Yesterday we went for chemo, but went straight in with the oncologist, not my oncologist (on holiday) but one we'd never met before. He eventually gave us the news that the Taxotere hadn't had any effect, and that the metasteses had grown. Because of this I didn't get the chemo (no real point!) and the prognosis is an average of 3 to 6 months. This is the end of any conventional cancer treatment. From here on it will merely be symptom management. There will be a multidisciplinary team meeting today when my case will be one of those discussed, and the possibility of clinical trials will be investigated. So we await a phone call tomorrow for the answers.

As you  can imagine, Tina and I were in a spin for the rest of the day... tears, brave smiles.... more tears. I think that I have accepted this less easily than I accepted the original prognosis because there is no "safety net" now, no next line treatment. This DOES NOT mean I'm giving in. I will continue to fight Horace and his bastard progeny every way I can. My first target now is Xmas/New Year, then we'll see where we go.




Friday 21 June 2013

Last, but not least

This will be the last "regular" update to this blog. I feel I've now poured it all out, and I'm very conscious that it could easily descend into pathos. I will probably post again, but only as and when.

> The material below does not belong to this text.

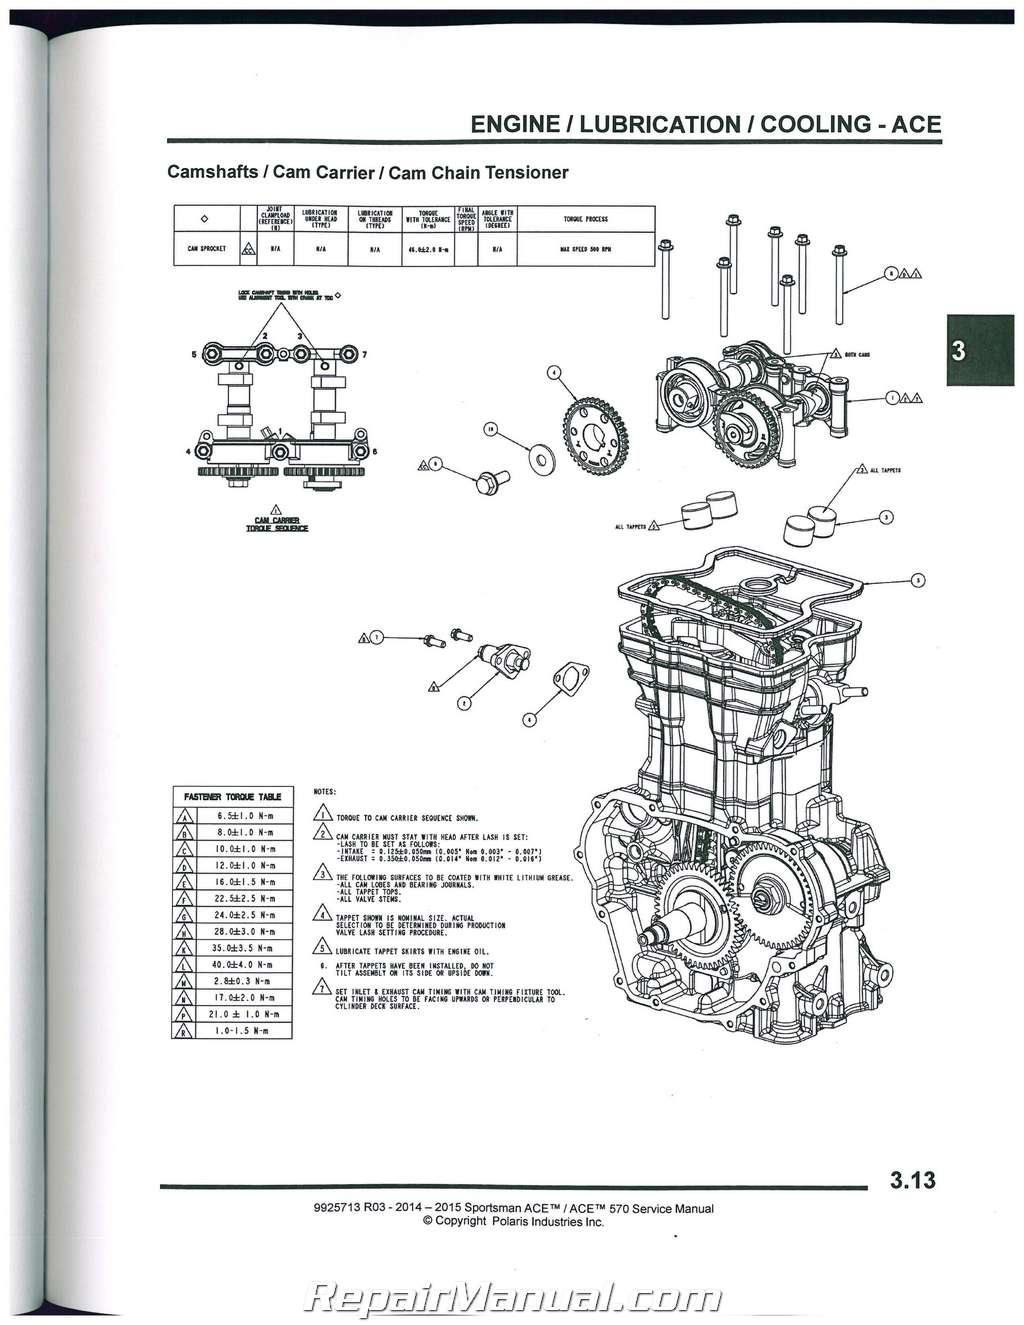 2015 durango repair manual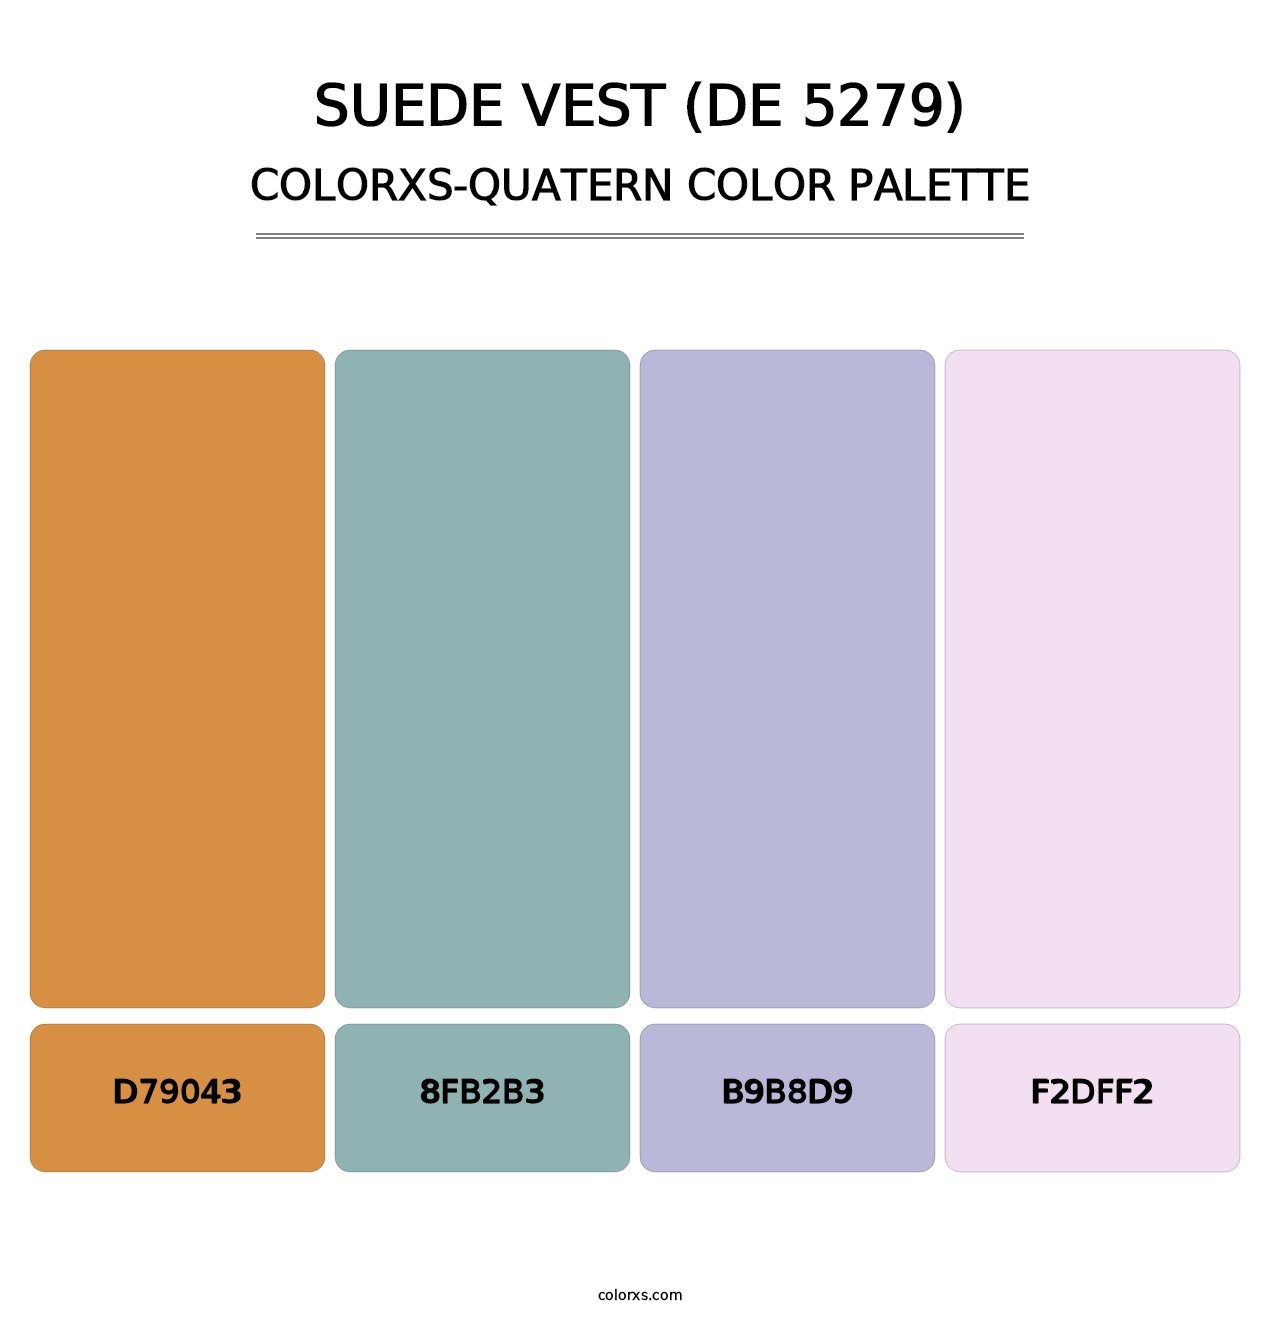 Suede Vest (DE 5279) - Colorxs Quatern Palette

So, this one is devoted to one subject only.... my beautiful darling Tina. Believe me, this will be by far the hardest to write.

Where to start? We had "met" on the internet...... yes folks, an internet romance! We chatted, without going into too many personal details, for a while, and eventually arranged to meet. Tina had left her husband and was living in Wrexham, and I met her in a pub car park. I was standing by my car when she walked round the corner. I saw her because I was looking at every female who came past, and immediately carried on looking for someone else. Then she stopped and looked round and then looked at me, and I thought "No way, it can't be her!" She sort of smiled, I sort of smiled, and she walked over,  and we said hello. She was so beautiful, so ethereal, that I can't begin to describe my thoughts.

We went for a walk in a local park, and right from the off we were comfortable with each other, chatting as if this was just a normal everyday chat between good friends. We sat for ages, and then it was time to go. Tina didn't want me to take her back, so I was walking her back to the pub, and we stopped by a tall wooden fence and kissed. Tina was leaning back against the fence, and when the kiss ended we just looked at each other. It was then I noticed that the fence had been painted with anti-vandal paint, and this was now all over the back of her top! Mills & Boon eat your hearts out! What made it even better was that I was totally mortified, and she just laughed.

I knew from the very start that Tina was what I wanted, and luckily she felt the same. So here we are 12 years later, just coming up to our 10th wedding anniversary. I can honestly say this time with Tina has been the happiest of my life. We are not perfect, but I think we are perfect together. We haven't had any real arguments, mainly because she has me twisted round her little finger, and can "persuade" me into most things.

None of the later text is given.